**PROBLEM DETAILS:** In the entries below, find the line containing "La Sagra della" and the line containing "1-я Гвардейская танковая". Copy those two lines and everything between them exactly, without the pictures.

**RECORDS SUPPLIED:**
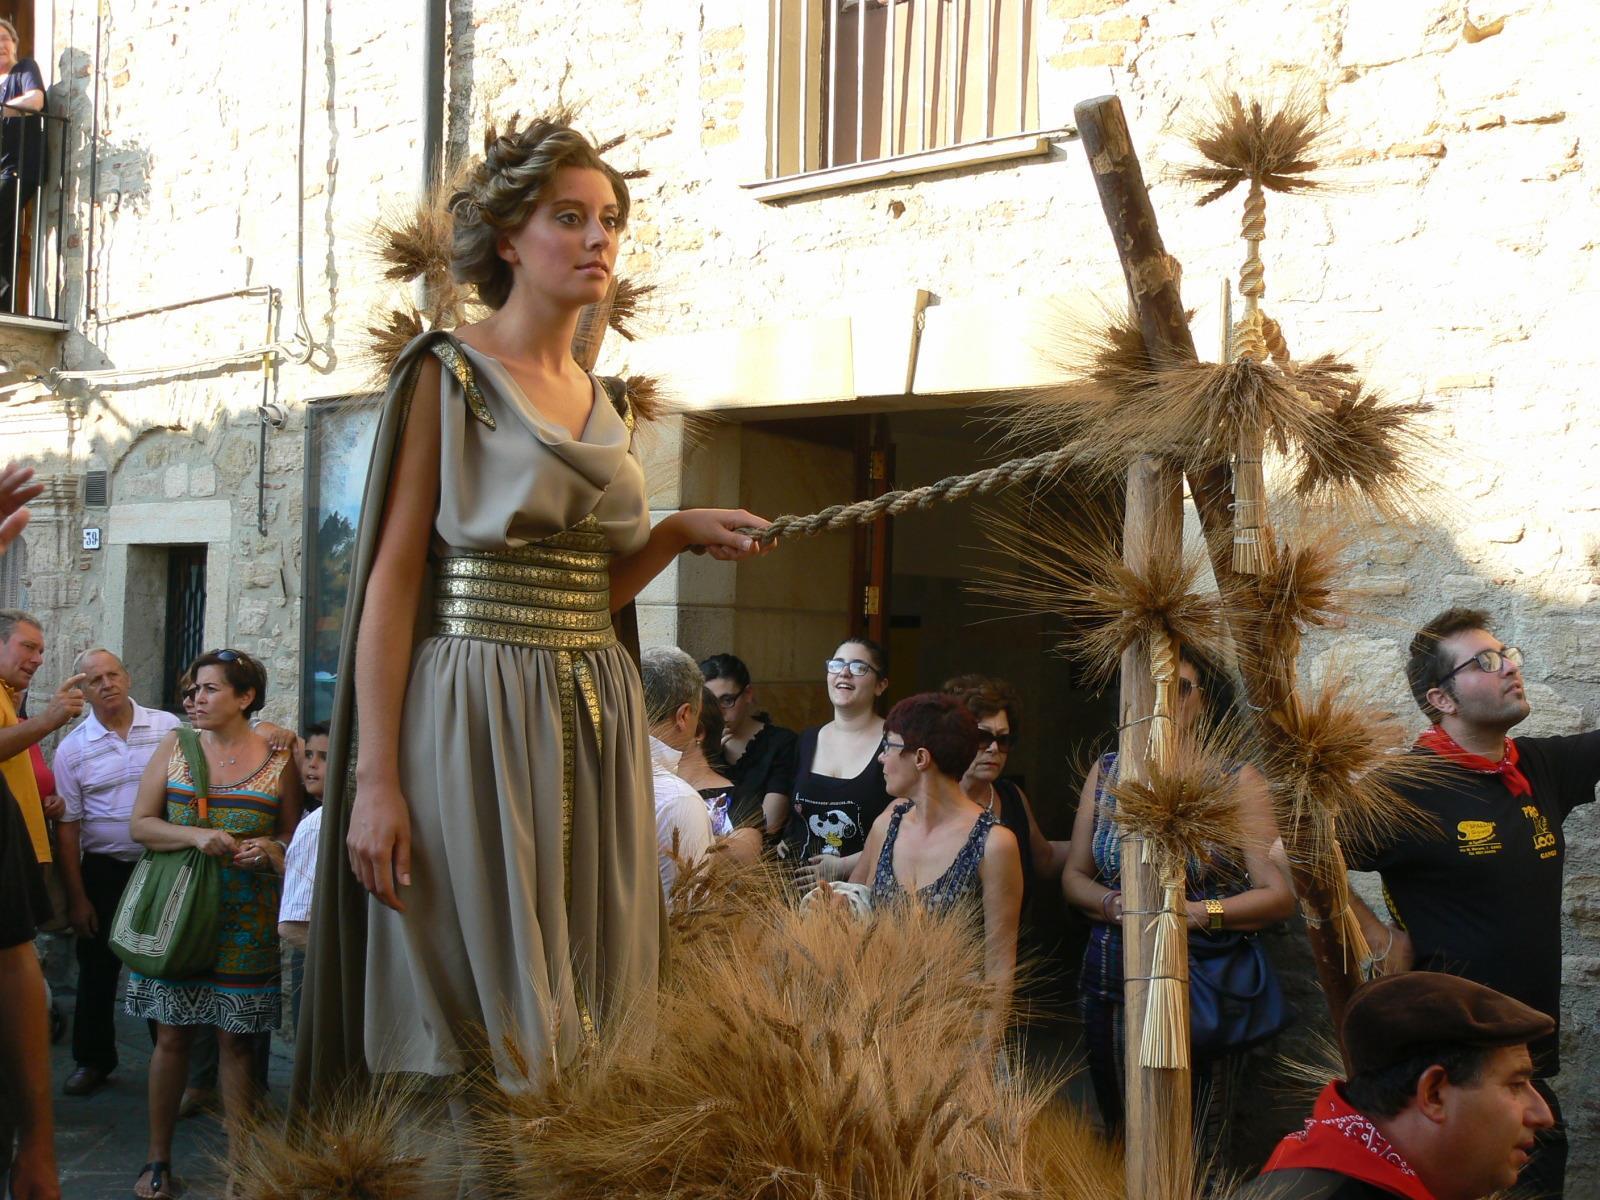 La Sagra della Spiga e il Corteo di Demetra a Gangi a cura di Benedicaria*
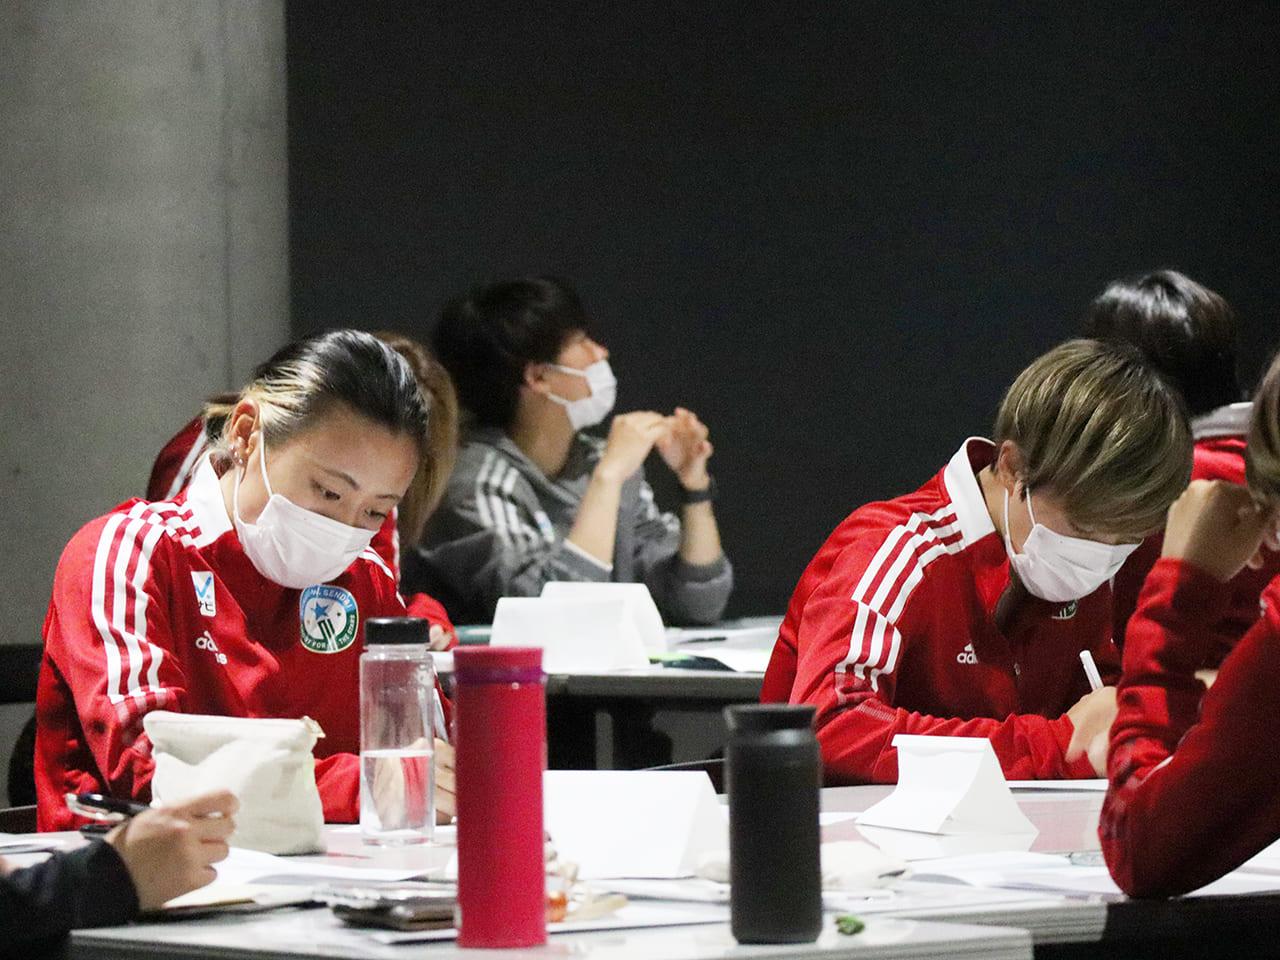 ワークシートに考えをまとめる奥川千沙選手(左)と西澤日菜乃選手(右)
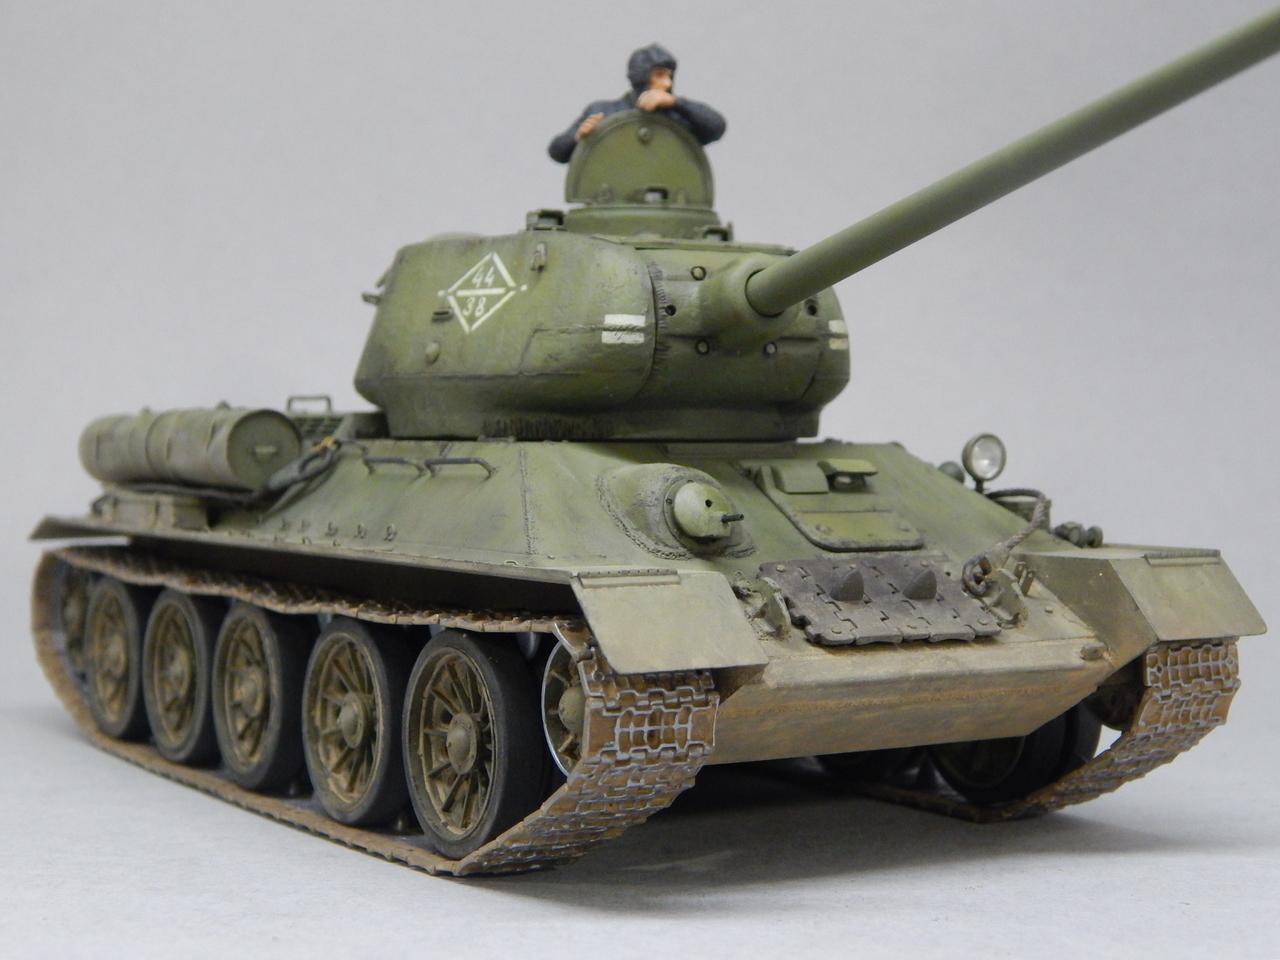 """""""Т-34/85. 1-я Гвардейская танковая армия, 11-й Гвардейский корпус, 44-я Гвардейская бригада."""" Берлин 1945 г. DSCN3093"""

---

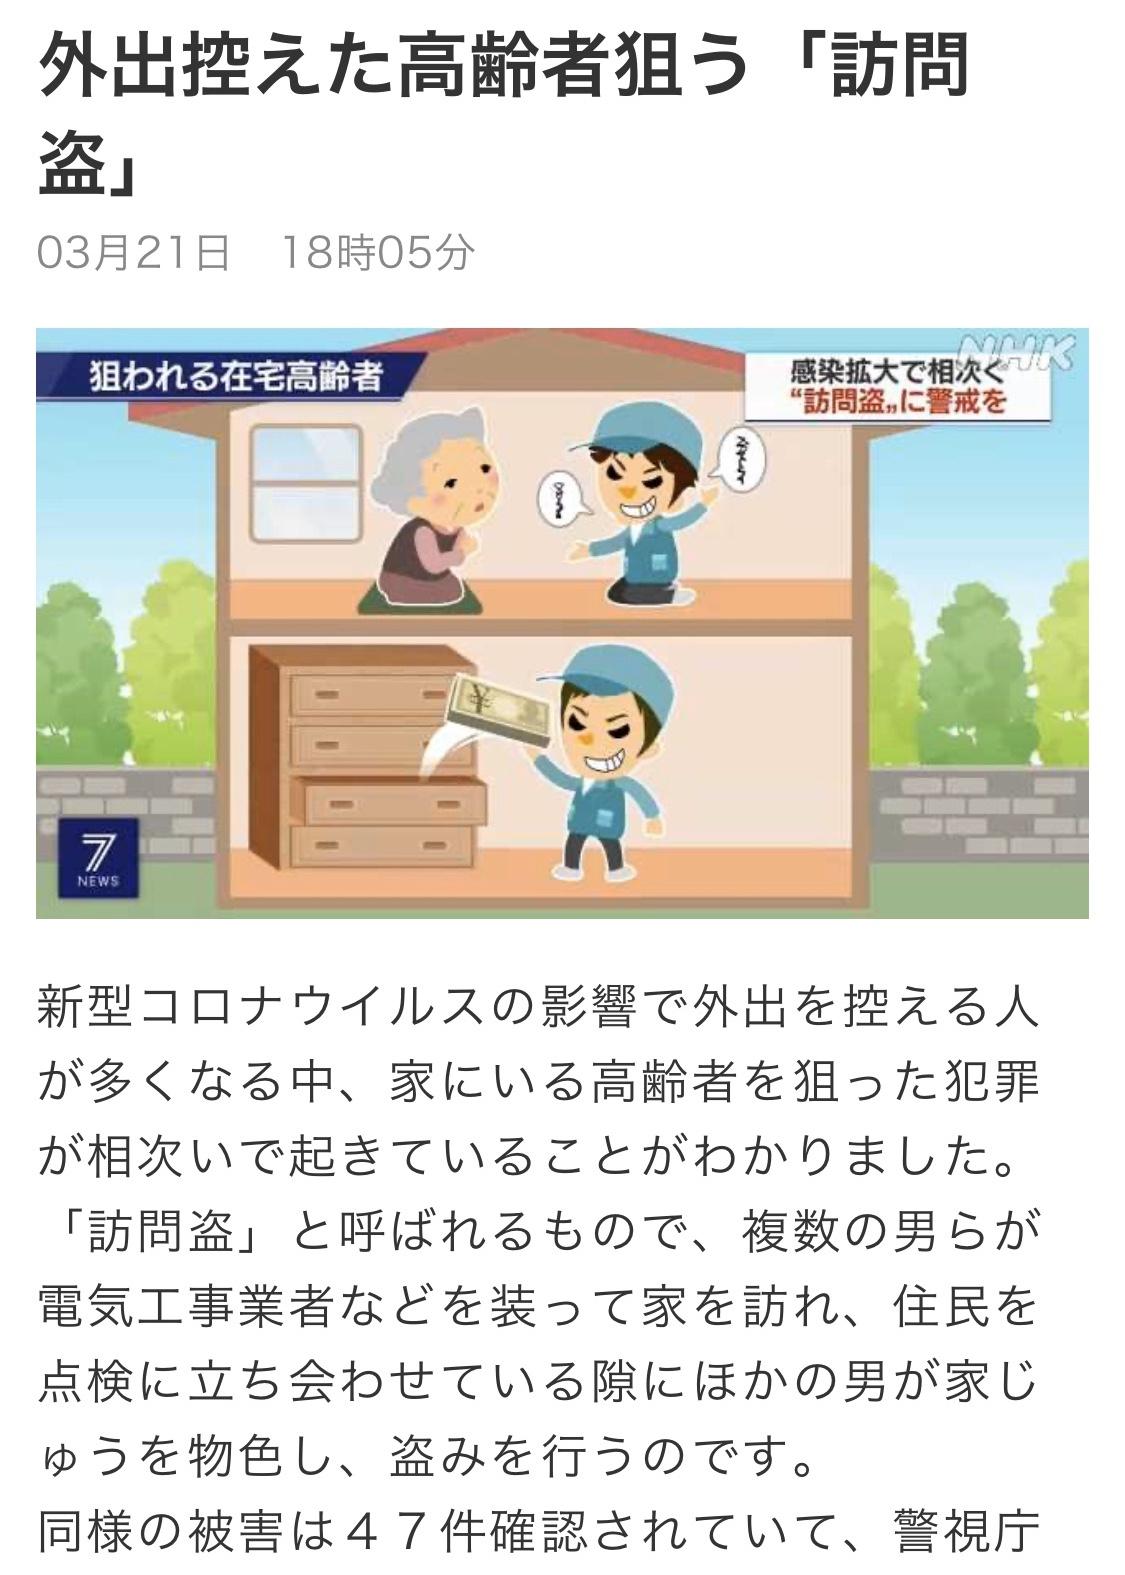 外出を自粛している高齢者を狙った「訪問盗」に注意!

---

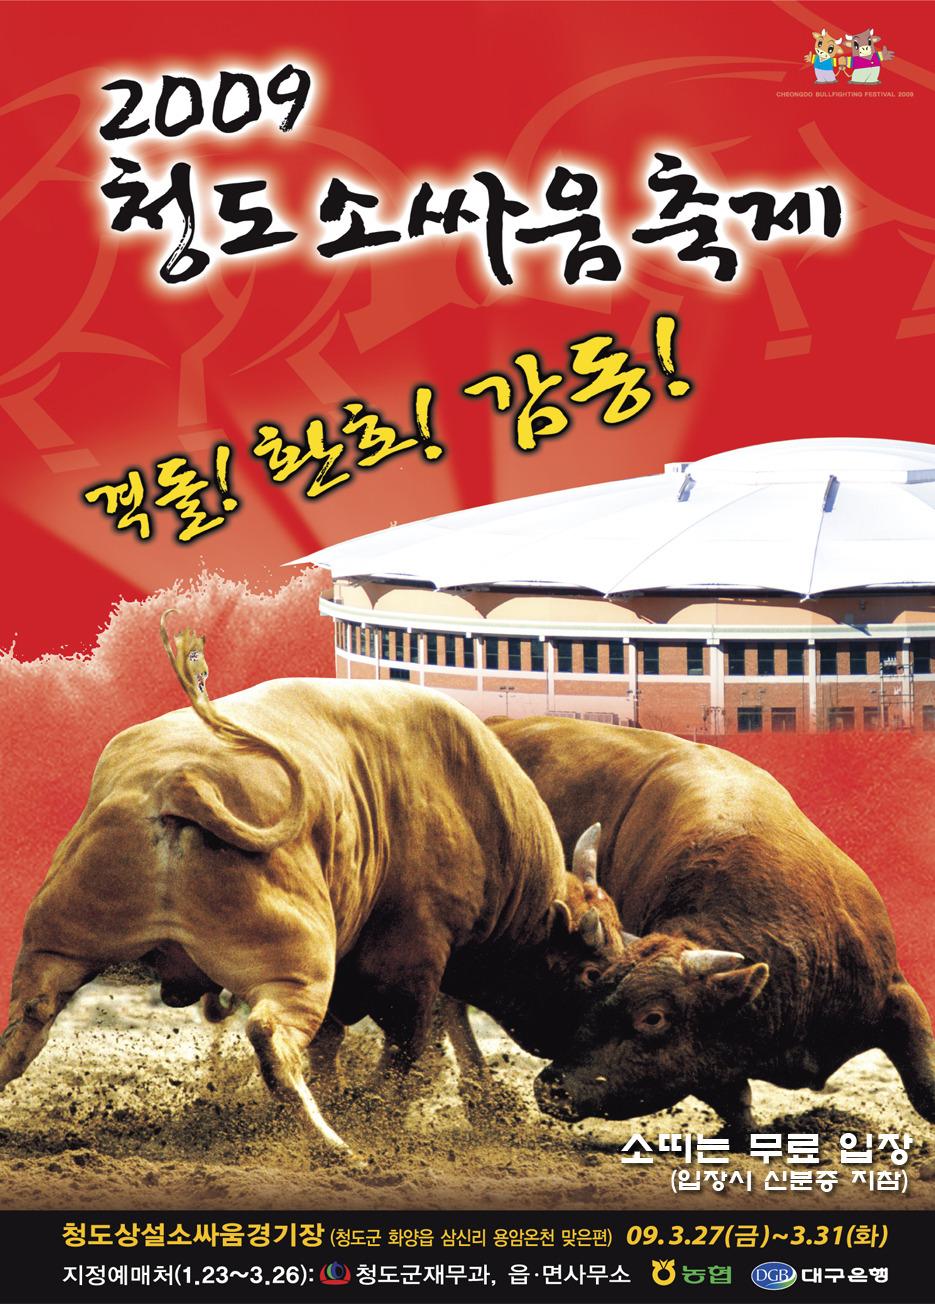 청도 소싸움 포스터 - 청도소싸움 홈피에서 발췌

**ANSWER TO THIS EXERCISE:**
 La Sagra della Spiga e il Corteo di Demetra a Gangi a cura di Benedicaria*
 ワークシートに考えをまとめる奥川千沙選手(左)と西澤日菜乃選手(右)
 """""""Т-34/85. 1-я Гвардейская танковая армия, 11-й Гвардейский корпус, 44-я Гвардейская бригада."""" Берлин 1945 г. DSCN3093"""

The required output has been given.